After a while he said, "I suppose I fainted away when you knocked me down."

"Yes, sir, thank God," said Adam. "I thought it was worse."

"What! You thought you'd done for me, eh? Come help me on my legs."

"I feel terribly shaky and dizzy," Arthur said, as he stood leaning on Adam's arm; "that blow of yours must have come against me like a battering-ram. I don't believe I can walk alone."

"Lean on me, sir; I'll get you along," said Adam. "Or, will you sit down a bit longer, on my coat here, and I'll prop y' up. You'll perhaps be better in a minute or two."

"No," said Arthur. "I'll go to the Hermitage--I think I've got some brandy there. There's a short road to it a little farther on, near the gate. If you'll just help me on."

They walked slowly, with frequent pauses, but without speaking again. In both of them, the concentration in the present which had attended the first moments of Arthur's revival had now given way to a vivid recollection of the previous scene. It was nearly dark in the narrow path among the trees, but within the circle of fir-trees round the Hermitage there was room for the

growing moonlight to enter in at the windows. Their steps were noiseless on the thick carpet of fir-needles, and the outward stillness seemed to heighten their inward consciousness, as Arthur took the key out of his pocket and placed it in Adam's hand, for him to open the door. Adam had not known before that Arthur had furnished the old Hermitage and made it a retreat for himself, and it was a surprise to him when he opened the door to see a snug room with all the signs of frequent habitation.

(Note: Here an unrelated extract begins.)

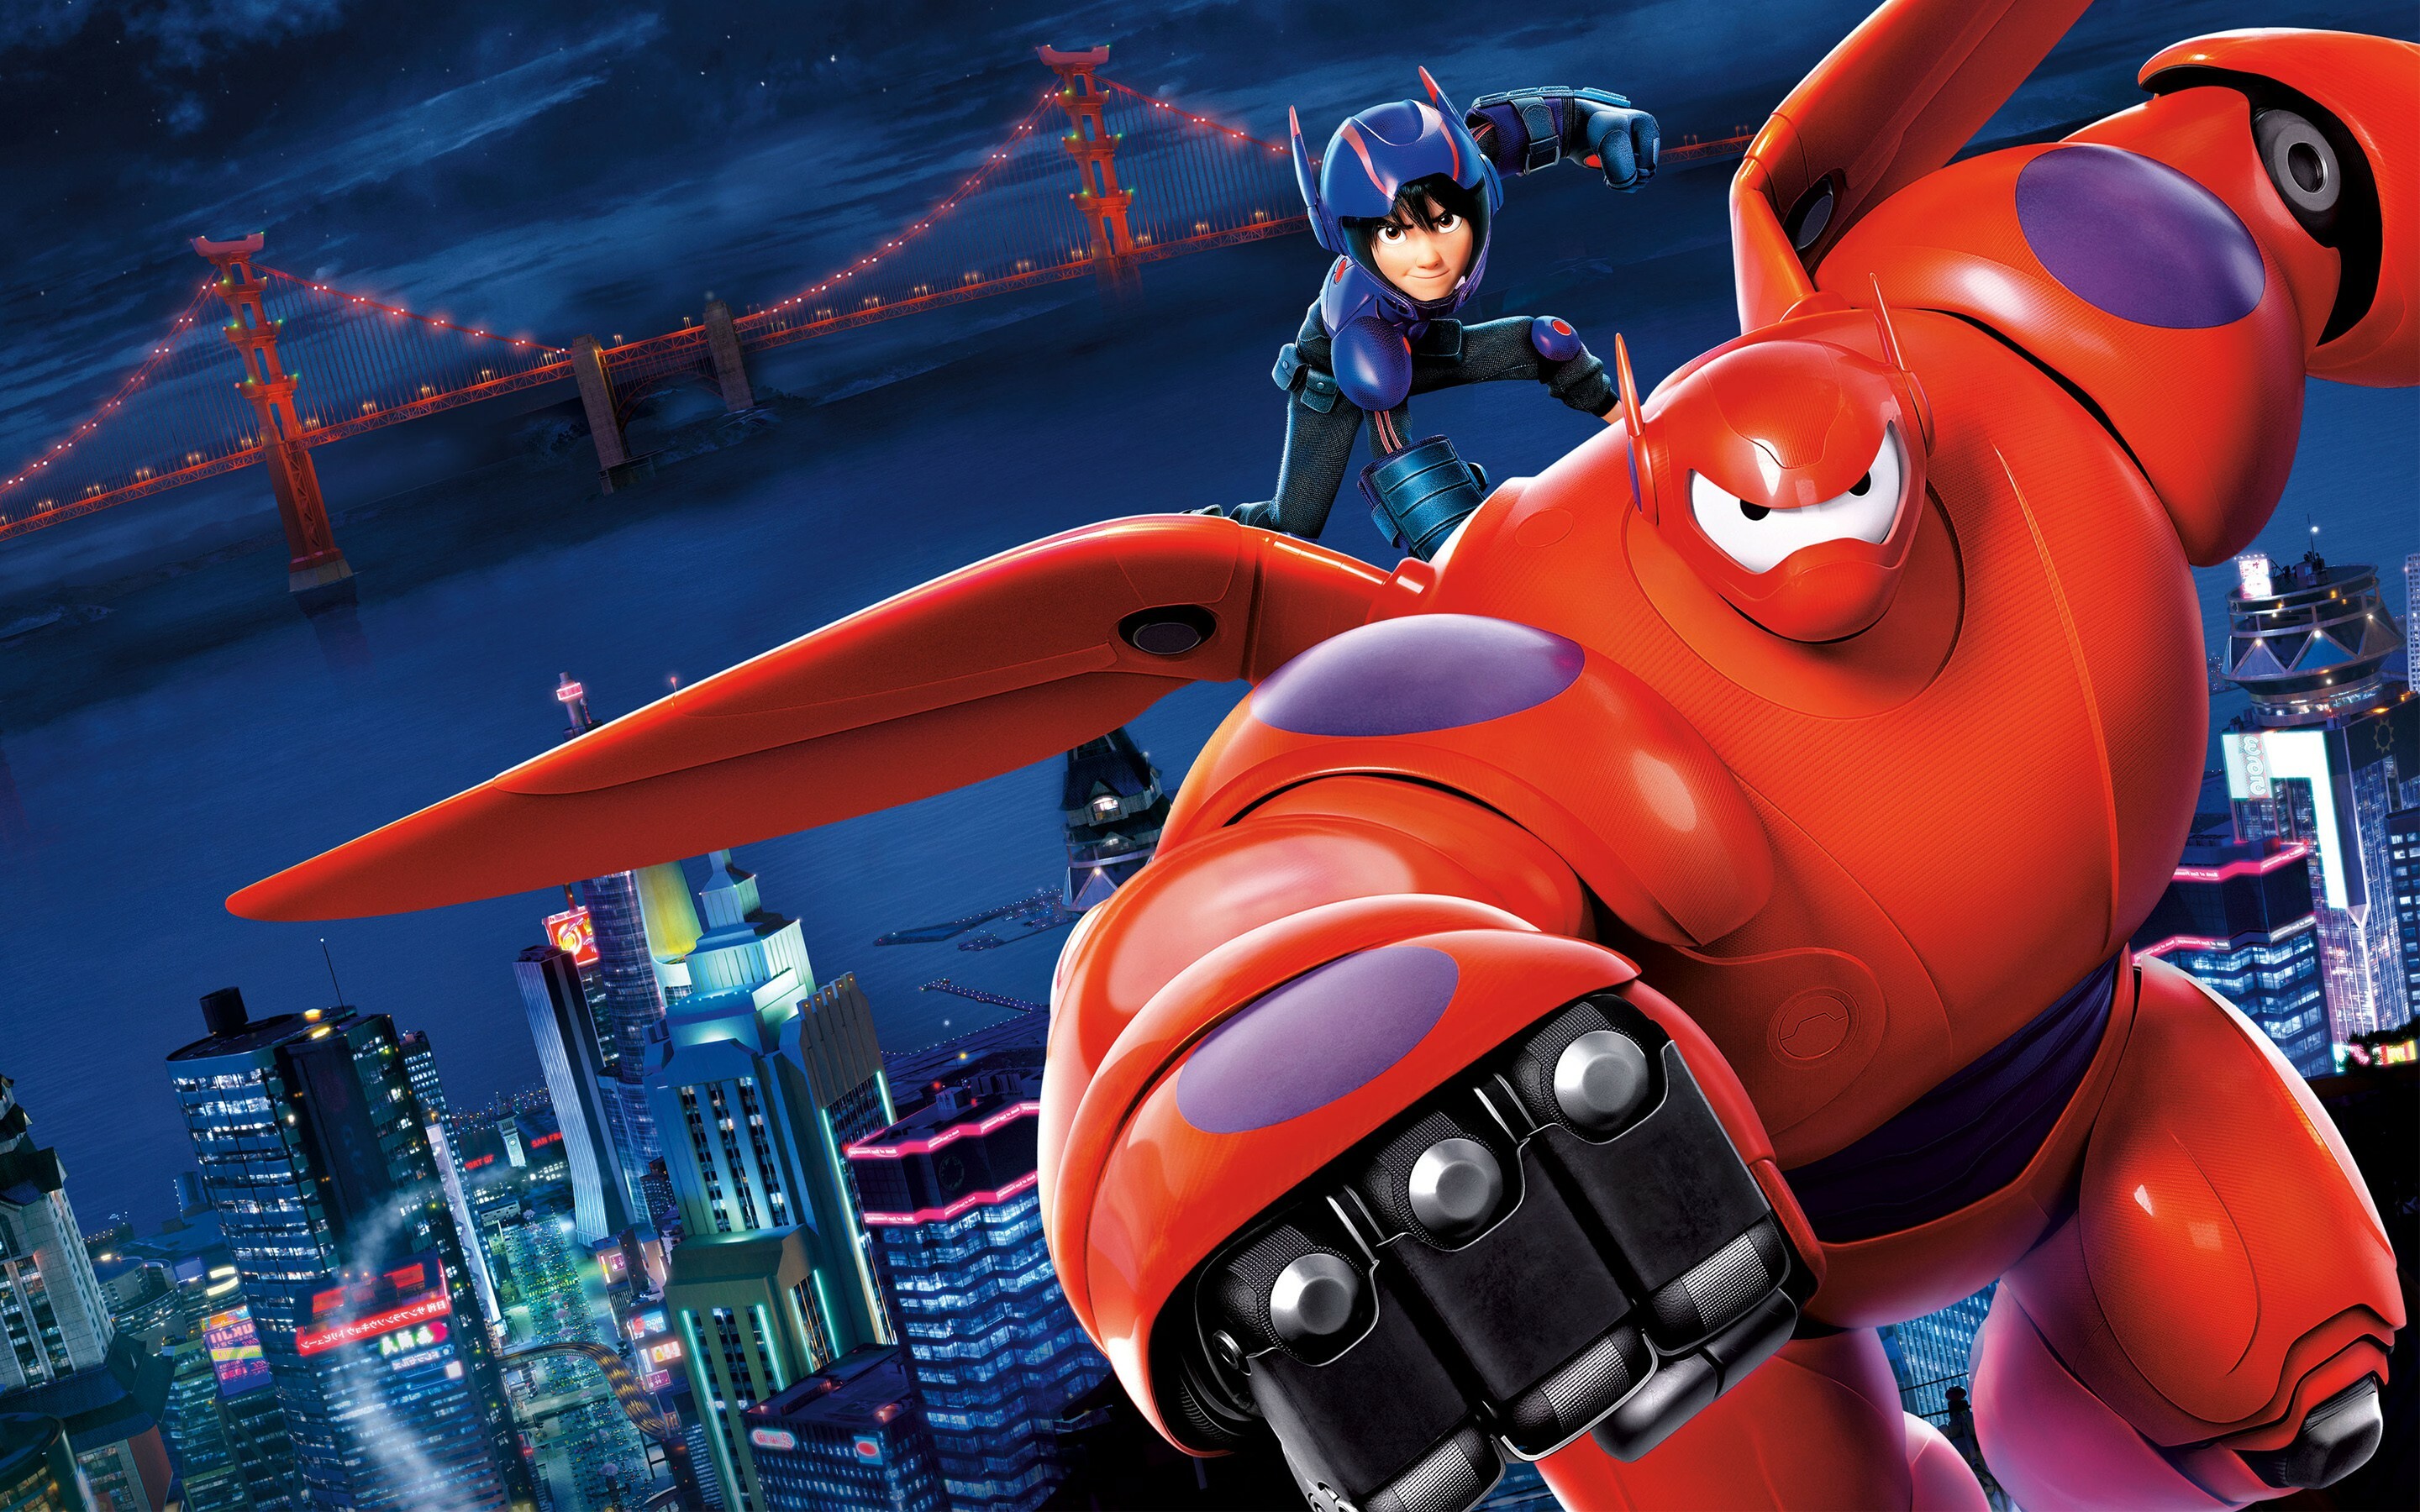 Big Hero 6: A superhero team combating a masked villain who is responsible for Tadashi's death. 2880x1800 HD Wallpaper.

Arthur loosed Adam's arm and threw himself on the ottoman. "You'll see my hunting-bottle somewhere," he said. "A leather case with a bottle and glass in."

Adam was not long in finding the case. "There's very little brandy in it, sir," he said, turning it downwards over the glass, as he held it before the window; "hardly this little glassful."

"Well, give me that," said Arthur, with the peevishness of physical depression. When he had taken some sips, Adam said, "Hadn't I better run to th' house, sir, and get some more brandy? I can be there and back pretty soon. It'll be a stiff walk home for you, if you don't have something to revive you."

"Yes--go. But don't say I'm ill. Ask for my man Pym, and tell him to get it from Mills, and not to say I'm at the Hermitage. Get some water too."

Adam was relieved to have an active task--both of them were relieved to be apart from each other for a short time. But Adam's swift pace could not still the eager pain of thinking--of living again with concentrated suffering through the last wretched hour, and looking out from it over all the new sad future.

Arthur lay still for some minutes after Adam was gone, but presently he rose feebly from the ottoman and peered about slowly in the broken moonlight, seeking something. It was a short bit of wax candle that stood amongst a confusion of writing and drawing materials. There was more searching for the means of lighting the candle, and when that was done, he went cautiously round the room, as if wishing to assure himself of the presence or absence of something. At last he had found a slight thing, which he put first in his pocket, and then, on a second thought, took out again and thrust deep down into a waste-paper basket. It was a woman's little, pink, silk neckerchief. He set the candle on the table, and threw himself down on the ottoman again, exhausted with the effort.